Have you tried either?


----------



## WES PINCHOT (May 27, 2018)

Phattiremike said:


> I have clear head light lenses for the jet rocket headlight, they have yellowed over the years, is there a way to safely get them back to clear presentable condition?
> 
> Mike



YOU MEAN PATINA!
PATINA GOOD ON ORIGINAL UNRESTORED BIKE!


----------



## Phattiremike (May 27, 2018)

WES PINCHOT said:


> YOU MEAN PATINA!
> PATINA GOOD ON ORIGINAL UNRESTORED BIKE!



Agree Wes but I need it sparkling clean for a sparkling clean Bowden!


----------



## Autocycleplane (May 27, 2018)

Phattiremike said:


> Have you tried either?




Yeah meguiars. Handy stuff. I think you’ll be pleased with the results, pretty hard to goof it up.


----------



## WES PINCHOT (May 27, 2018)

Phattiremike said:


> Agree Wes but I need it sparkling clean for a sparkling clean Bowden!



I DID NOT REALIZE THE LENS WERE ON THE BOWDEN!
THEY MAY BE CELLULOID, WHICH IS VERY FRAGILE! 
HANDLE WITH CARE!
GOOD LUCK AND ENJOY!


----------



## Phattiremike (May 27, 2018)

Wes, the lens is for a delta jet rocket head light I want to install on the handle bars,not those lenses on the Bowen.


----------



## Phattiremike (May 27, 2018)

Autocycleplane said:


> Yeah meguiars. Handy stuff. I think you’ll be pleased with the results, pretty hard to goof it up.



I gave it a go and it cleaned up well, I’ll re-apply more tomorrow.


----------



## Hammer (May 31, 2018)

Nice, thanks for the before and after, I'll definitely have to pick a bottle up to add to my cleaning & polishing chemicals 

Aaron


----------



## TieDye (Sep 18, 2018)

Rubbing alcohol sometimes gets the yellow off.  So does Novus plastic polish.

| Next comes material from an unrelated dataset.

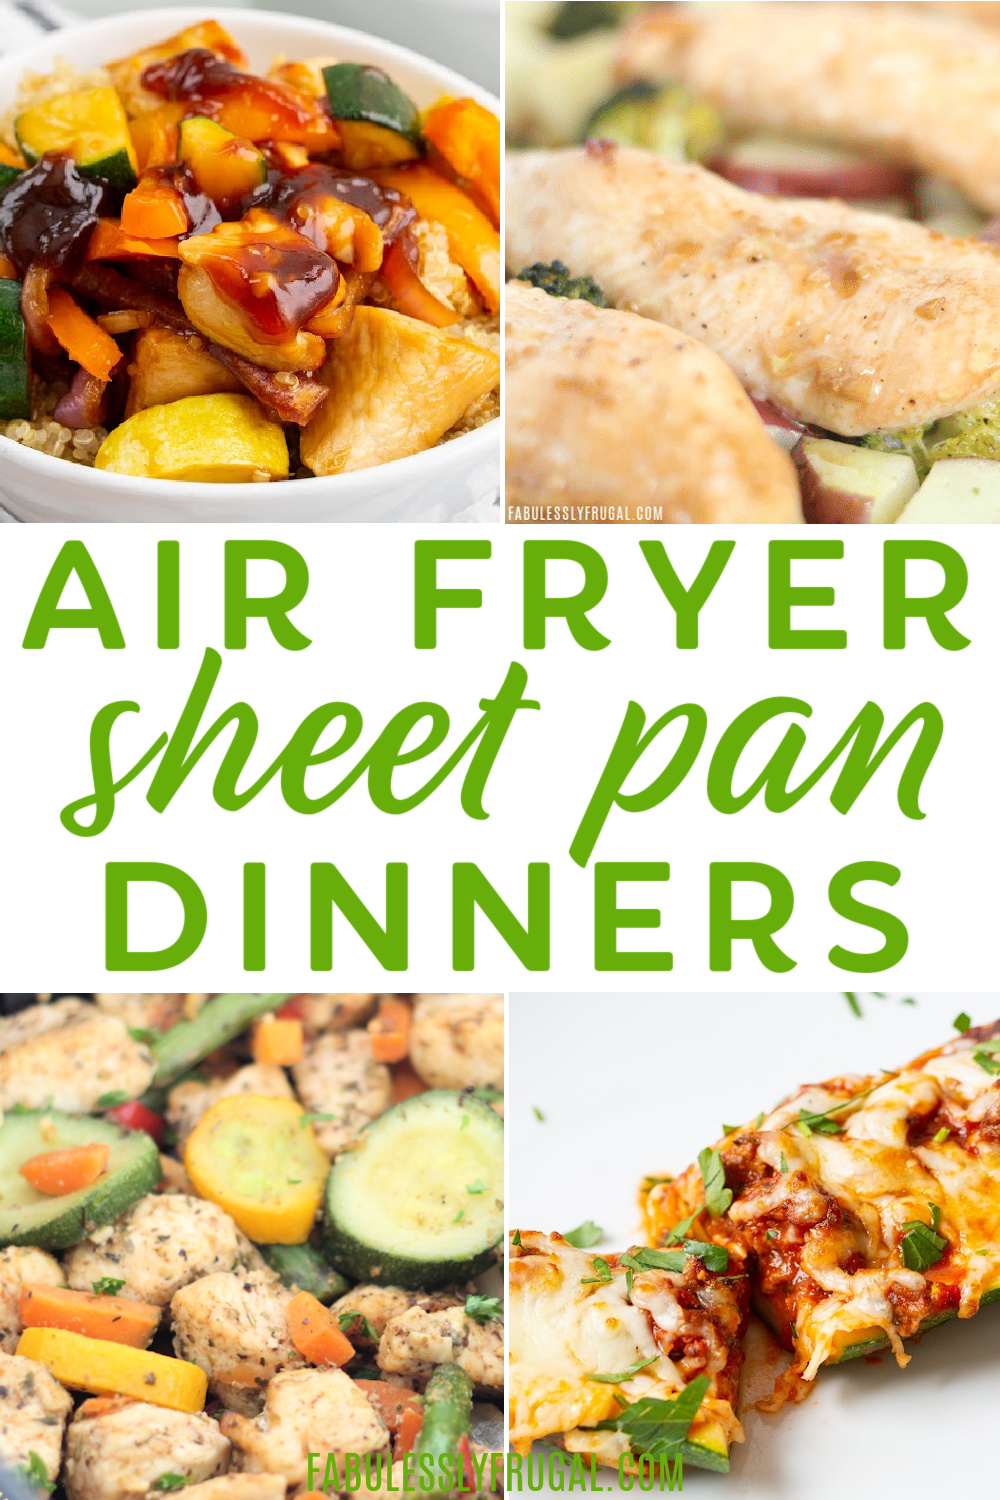 air fryer sheet pan dinners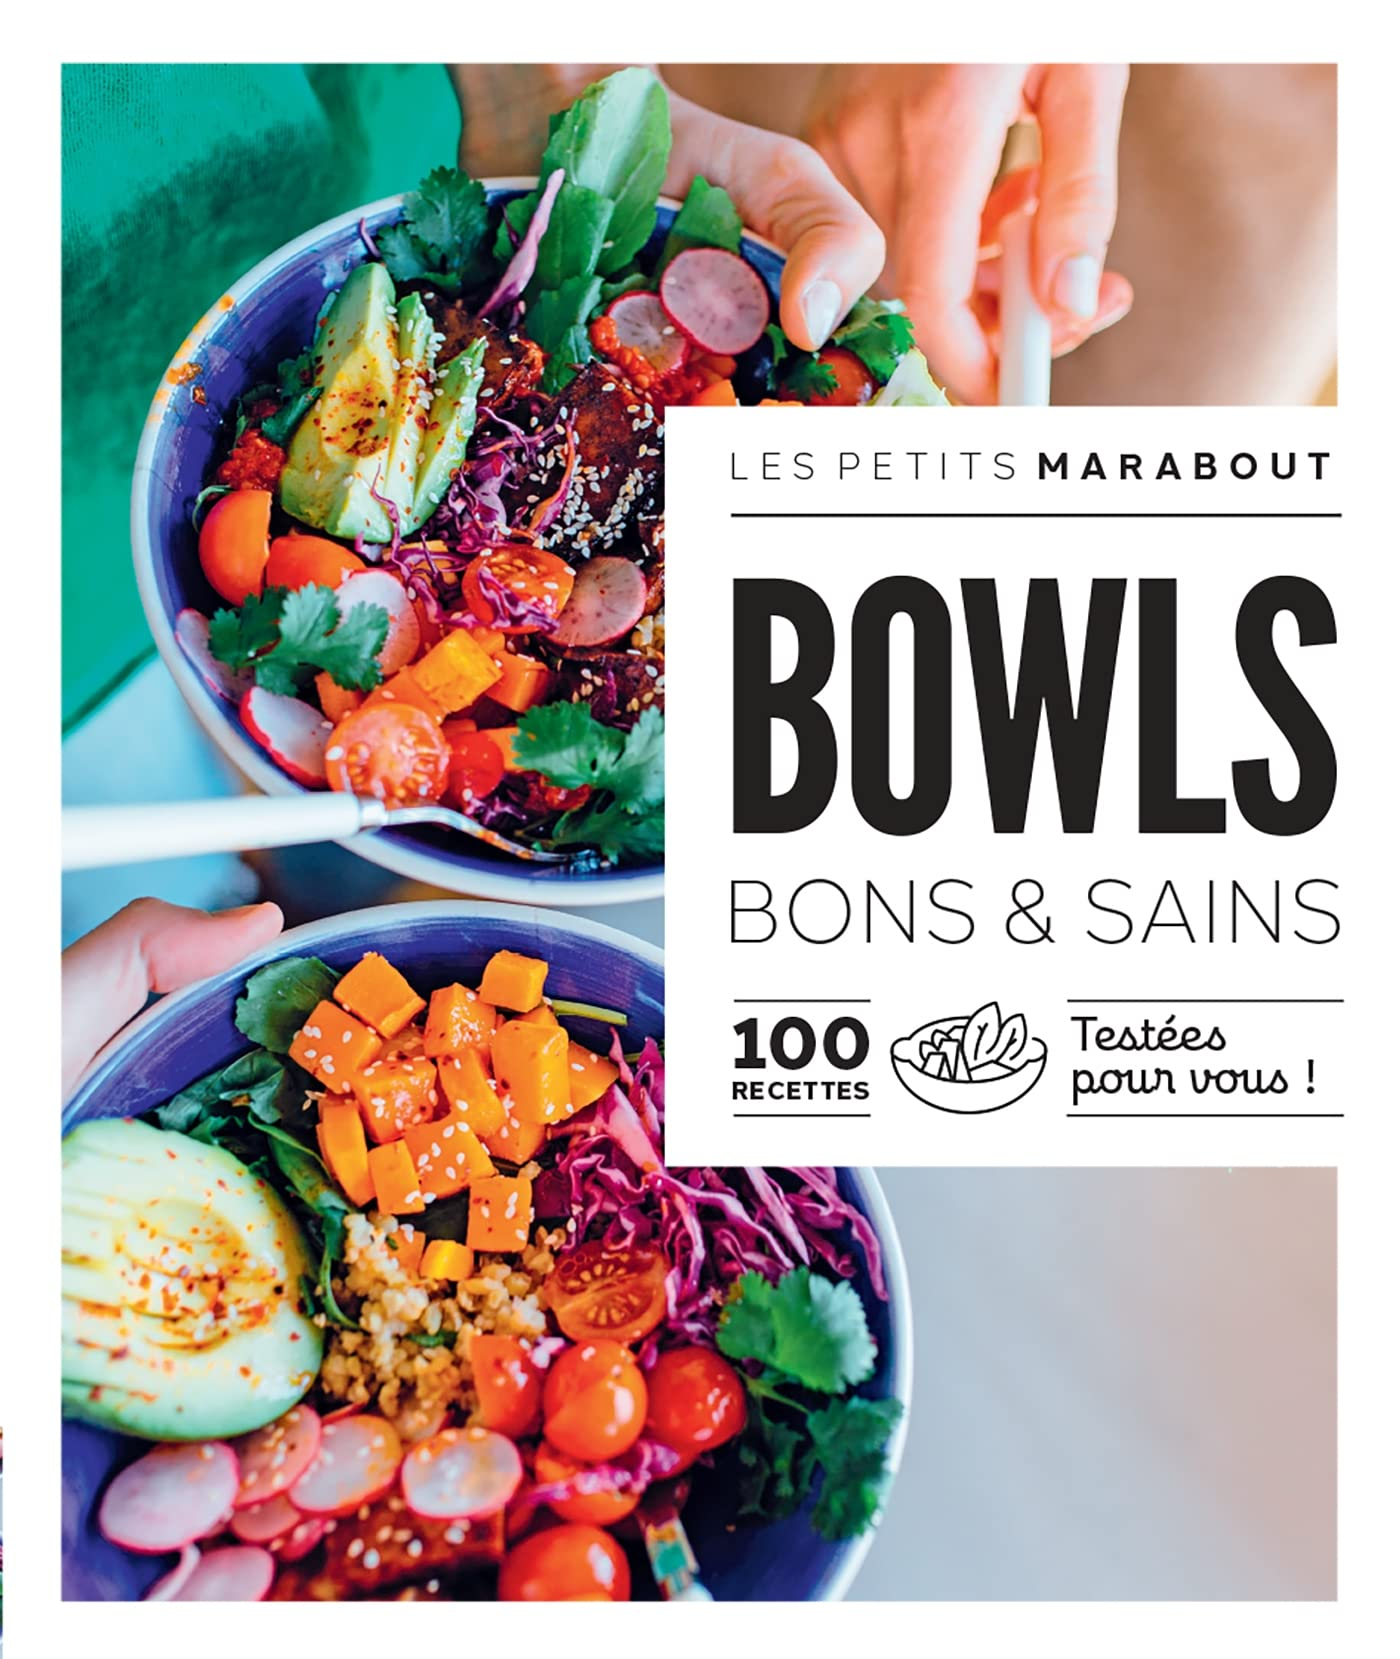 Bowls bons & sains : 100 recettes testées pour vous !

I have used Wesley's Bleach White too and had good results.


----------



## Brutuskend (Mar 10, 2019)

This may sound strange but I have used Simichrome metal polish on deeply scratched or horribly hazed plastic and it comes out looking brand new. It's also a GREAT metal polish!
Also, it you have a nice shiny paint and you want it to look older, it works great for "Ageing" fresh paint.


----------